There’s a lot to like about Kazakhstan. The roads were faster than we expected, traffic was minimal, and Astana a surprisingly easy town to get around in, but after 48 hours we’d had enough. Stopping overnight in the capital gave us a chance to explore some. Lonely Planet suggested a hotel that was less expensive than the Ramada at $319 US per night. Our young, Asian, receptionist spoke little English, but when we asked if we could see a room, she said, No. Why not, is it a secret?, Mike asked. She giggled charmingly and changed her mind. Our goal for the rest of the stay was to try and make her laugh. Breakfast in the morning was served by a humourless waitress and we ate in the company of a taxidermy wolf and lynx.

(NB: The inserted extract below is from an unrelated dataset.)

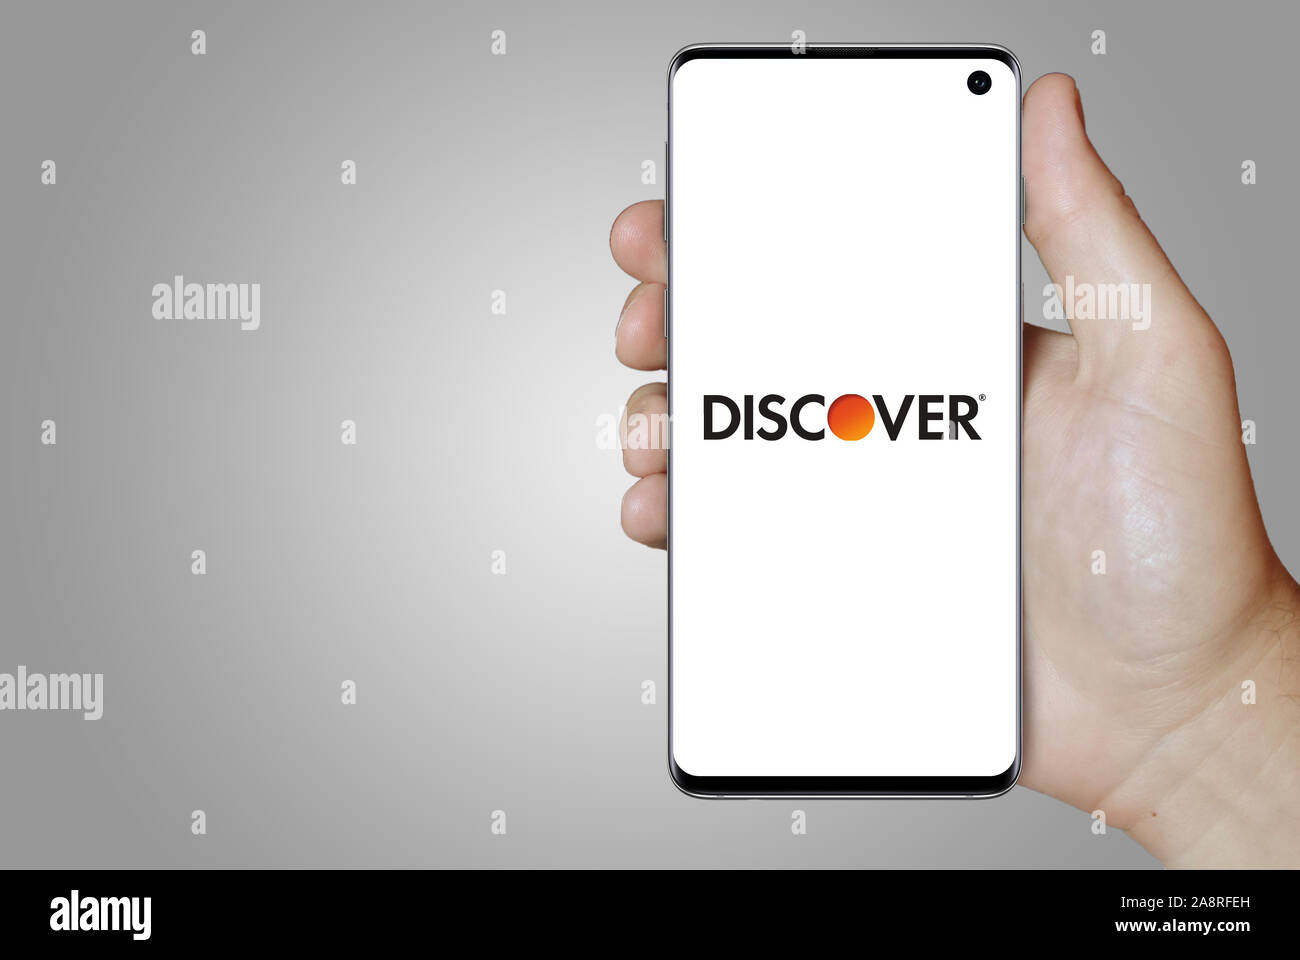 Logo der öffentlichen Unternehmen Discover Financial Services angezeigt auf einem Smartphone. Grauer Hintergrund. Credit: PIXDUCE Stockfoto

The Khan Shatyr tent is apparently the largest in the world and rather beautiful in its way. Turns out, though, it’s really a shopping mall, replete with stores like Addidas, Cinnabon and Levis, a monorail, water park, arcade, food court and Tower of Terror. People love it. Facing back towards the city the tourist is presented with dozens of avant-garde buildings, a huge mosque, colorful fountains and a gigantic ball on a stick, all glittering like Las Vegas. Again, it’s a melting pot of ethnicities.
Our impression is that the government is doing a fair job of investing its oil money and building out the country’s infrastructure. And, yet, with dominant party politics and a strong authoritarian streak it’s not really a democracy. As such it displays some of the aberrant behaviors that goes along with the insecurity of not having a clear mandate from your citizens. Chiefly, controlling the press and media and preventing bloggers from accessing their accounts (yet oddly allowing people to Twitter away). Police checkpoints abound and seem much more enthusiastically staffed than their Russian counterparts.
After our shakedown (see previous post), we hightailed it for the border. Kazakstan’s unchanging landscape was punctuated only by the occasional strip mine or toxic waste factory. Power stations here seem very inefficient and their brown hazy fumes, blown by the northerly winds, permanently settle on the horizon. We pined for Mother Russia and determined to make the border crossing Saturday night.